Patrick Meets Straus on the Speaker’s Preferred Battlefield

Throughout his ascendancy at the Texas Capitol, Lt. Gov. Dan Patrick has proven time and again the ability to adapt to the political environment. Unlike many in the Tea Party faction of the Republican Party from which he derives his support, Patrick comes to government to govern, not to protest.

As Patrick rolled out his education plans, we saw him adapt because the environment had indeed changed ahead of the special session now underway.

Speaker Joe Straus has all year invited Patrick to a debate about public education – the issue that represents Straus’ surest political footing with his members – and Patrick has shifted his rhetoric accordingly. The Speaker reset the landscape in recent weeks by focusing on public education and publicizing his concerns about suicides among transgender Texans as a consequence of passing restrictions on public restrooms based on gender.

Patrick quickly learned in his first session as a senator, back in 2007 when he entered government as a protester, that he wouldn’t get everything he wanted all at once.

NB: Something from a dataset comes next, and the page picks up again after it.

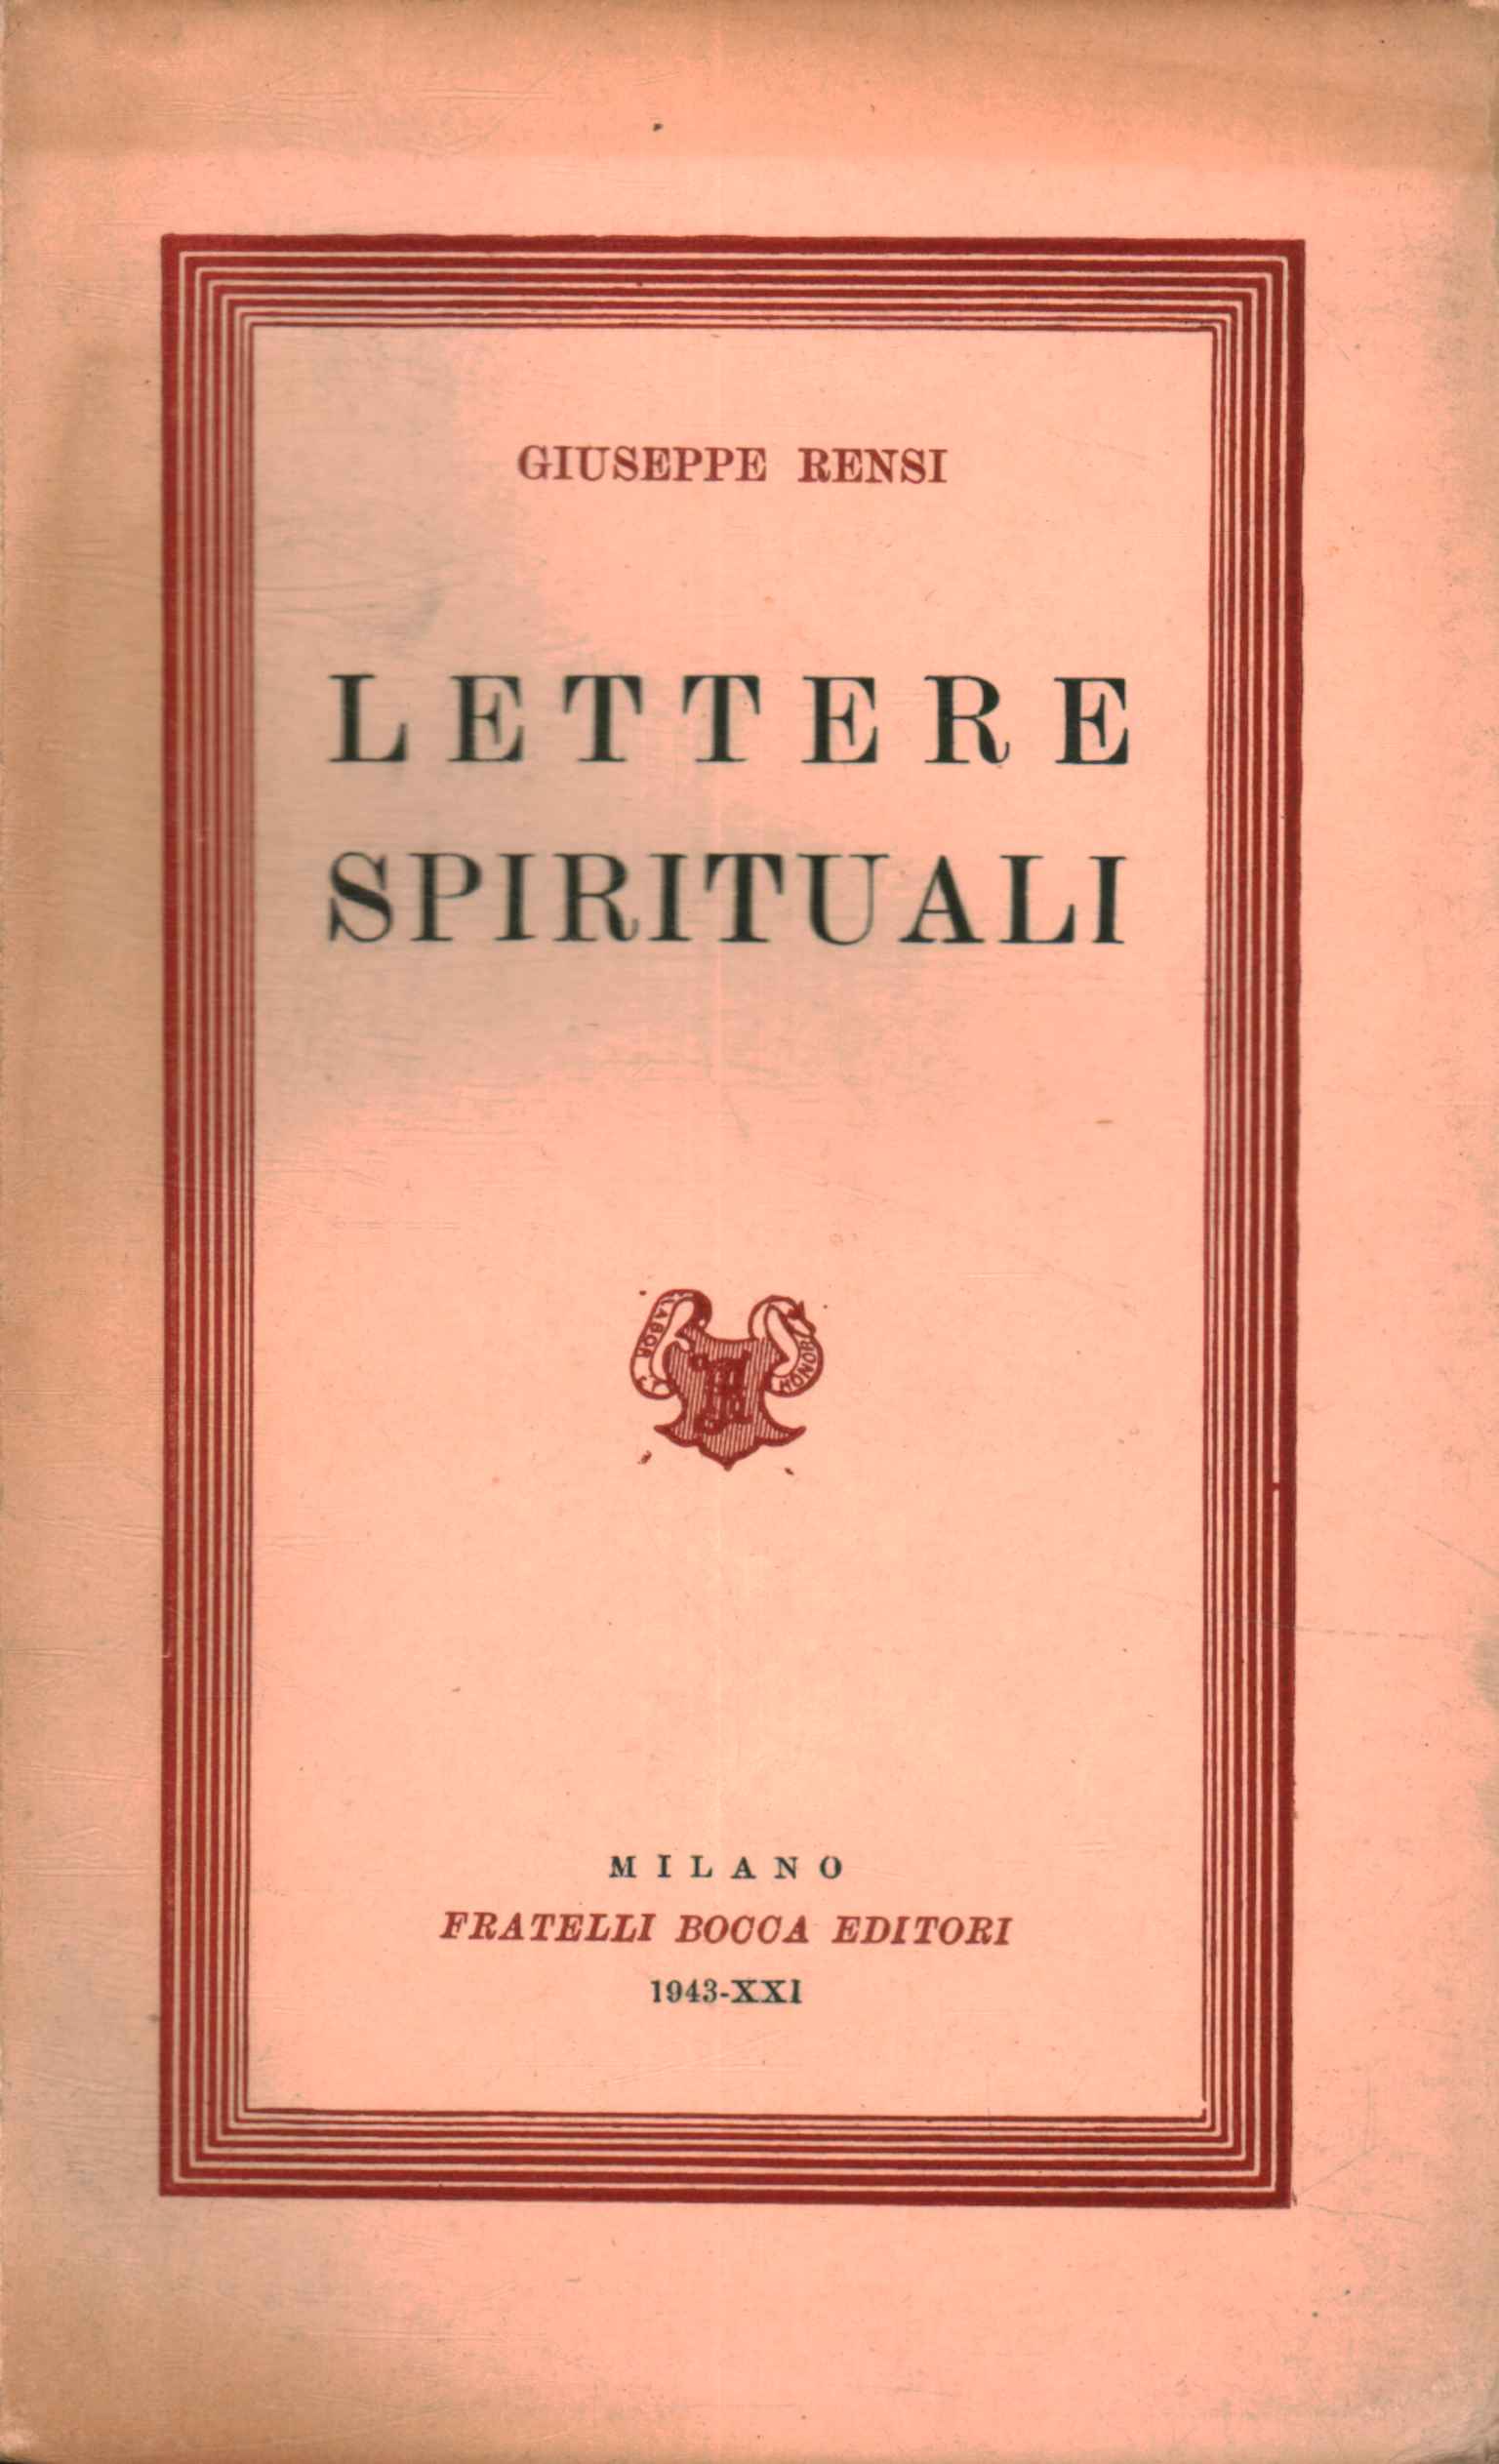 Spiritual letters

Veteran Capitol observers will recall the spectacle of Senate Dean John Whitmire taking Patrick to school when then-Sen. Patrick, at the last minute, unveiled to the media a list of cuts he wanted to make to the Texas budget. When he rose to talk about the list on the floor, Whitmire said the radio talk show host was completely unserious about his proposals, leading to quite the shouting match.

“It’s high time you show this body that you know what you’re taking about,” Whitmire said angrily.

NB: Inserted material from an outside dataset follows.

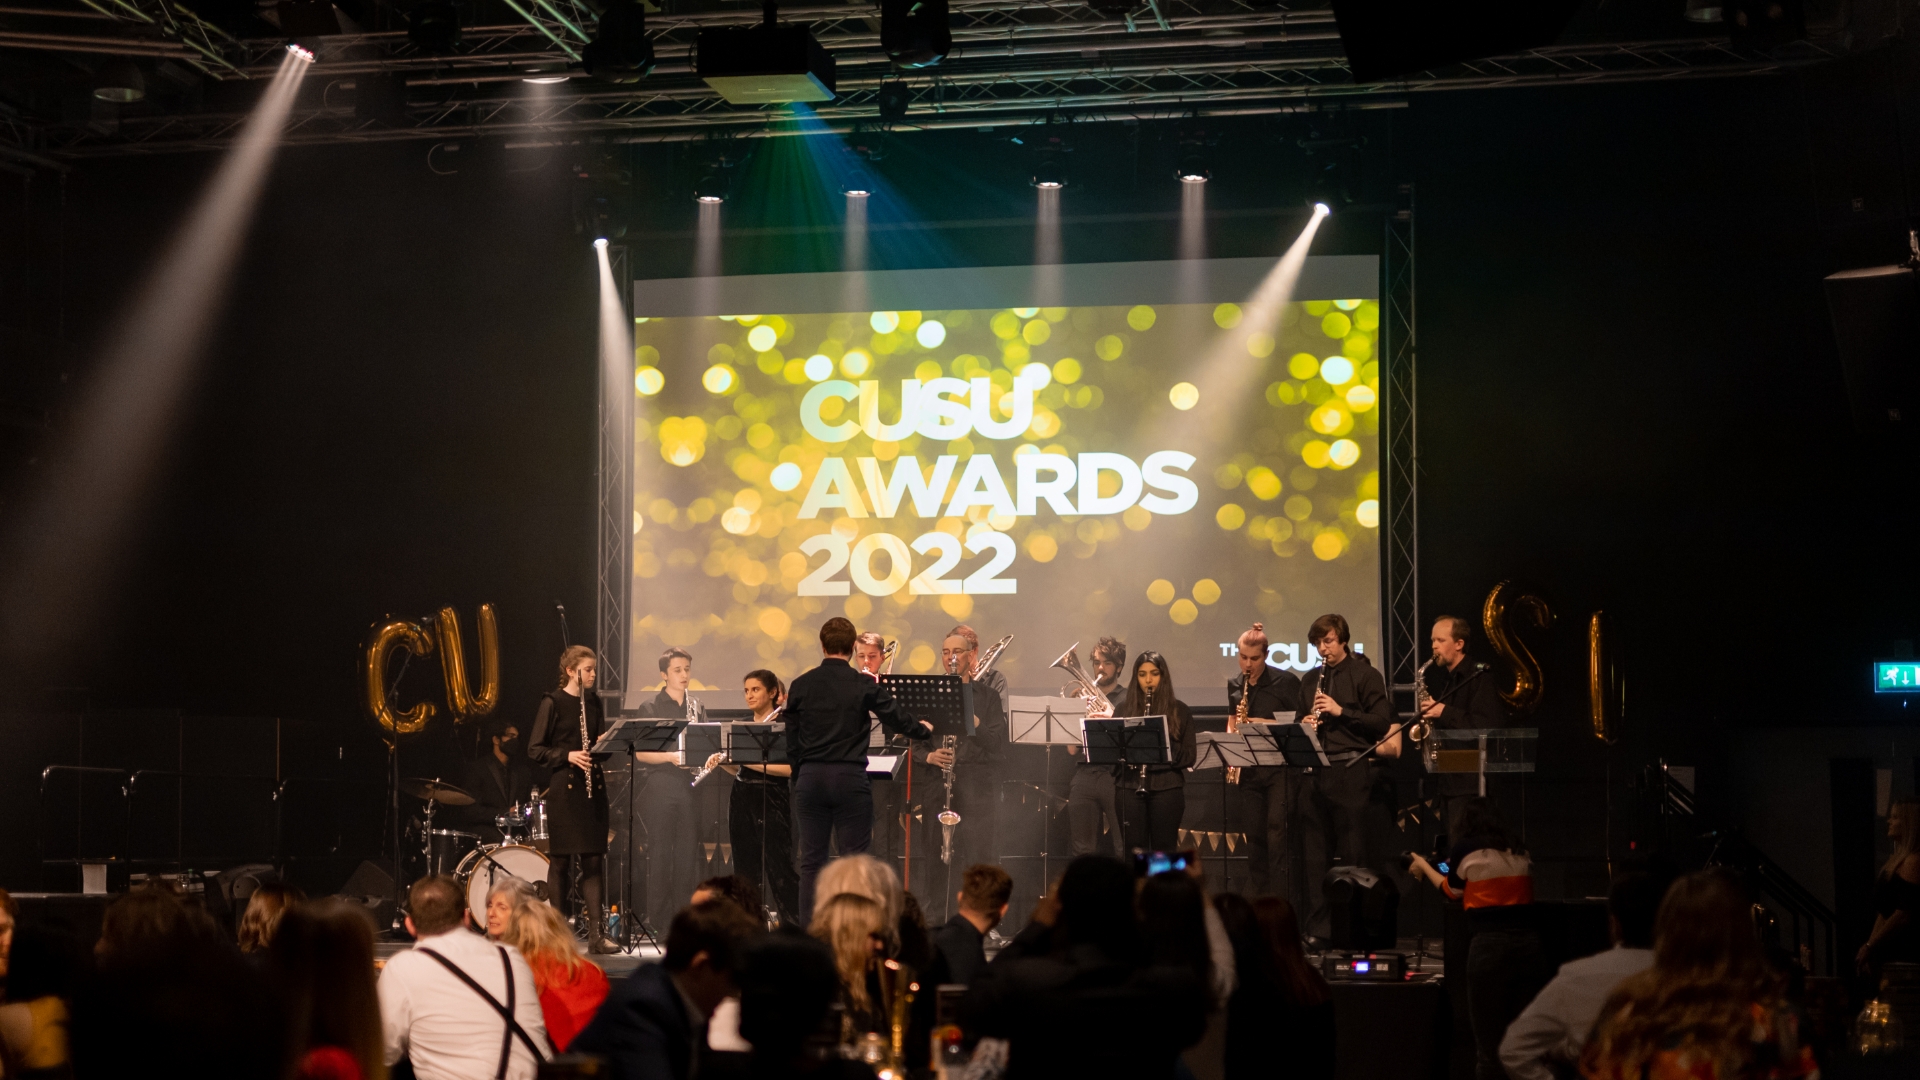 CUSU awards ceremony

“I do know what I’m talking about and I don’t have to be lectured by you,” Patrick shot back. To re-live the fun, check out the video below:

In subsequent sessions, Patrick internalized the lesson that to enjoy legislative success he would first have to earn the respect of his colleagues and at times even members of the lowly Texas press corps by adapting his style and substance to meet the moment. He is, of course, always able to revert to the blustery radio talk show host persona that originally made him a hit with the base of the Republican Party of Texas. But the Patrick in last week’s news conference about public education was the Patrick who cannot easily be dismissed as an extremist, even if his math was fuzzy.

It was as recently as 2013, the last session in which Patrick was a senator, that he was embraced even by some Democrats as “the new Dan Patrick” on education issues. Public education advocates who observed Patrick when he was the Senate Education Committee Chairman have said he was always extremely well-prepared and ready to do battle.

The special session, now the second act in Gov. Greg Abbott’s reelection announcement, can be framed as a showdown between Patrick and Straus centered on public education with Abbott’s list of 19 items as potential collateral damage.

The low talk now among some Senate Republicans is that Gov. Abbott will likely receive bills on his desk addressing 4 or 5 of his 20 items and there is no indication from the Central Office about what would have to happen for the governor to call a second special.

House Democrats, badly outnumbered and weighing their options, surely know that resorting to a quorum break and creating the perception that the minority party was prevailing against Republican leadership in Texas might be the only thing that could create optics threatening enough to Abbott to provoke a second called session.

Senate leadership is moving at breakneck speed, quickly approving bills on each of the governor’s items and ceding legislative power to the House where Patrick’s poised to work to undermine Straus by calling the Speaker’s plans “a Ponzi scheme.” Shortly after the special session began, Patrick suggested Straus is a closet Democrat. Of course, Patrick said that in his natural habitat: A radio talk show.

Patrick may shake loose a significant contingent of House Republicans fearful of punishment by GOP primary voters in 2018 so that he can move a strict bathroom bill and some form of property tax “reform” through both chambers. The latter issue, make no mistake, is the one most dear to Patrick who’s ridden the wave of anger over property taxes all the way to the Office of the Lieutenant Governor.

Abbott is trying to appear more engaged. His meetings and photo-ops with lawmakers may be building the kind of goodwill necessary to pass a few of the 20 items, but it is work he could have done to pass similar legislation during the regular session. “If he had been doing this then, these things wouldn’t be in question now,” said one Republican.

As much distrust exists between the governor and House Republicans who have never been repaid for their loyalty to Abbott during the 2015 session, they still gave him legislation on every one of the topics he designated as “emergencies” during the regular session this year. To be clear, the items on the list of 20 that now give the most heartburn to Republicans are being driven out of the Lt. Governor’s office.

While Patrick works diligently, with an assist from the House Freedom Caucus, to destabilize the House, it seems Straus will still have majority support for the versions of property tax and bathroom legislation he may be willing to accept. School vouchers, rejected multiple times in broad bipartisan fashion in the House, seem as DOA as ever in any form.

Facing the time constraints of a special session, an election right around the corner, and no guarantee of another special, we will all find out together how Patrick adapts to the next 30 days.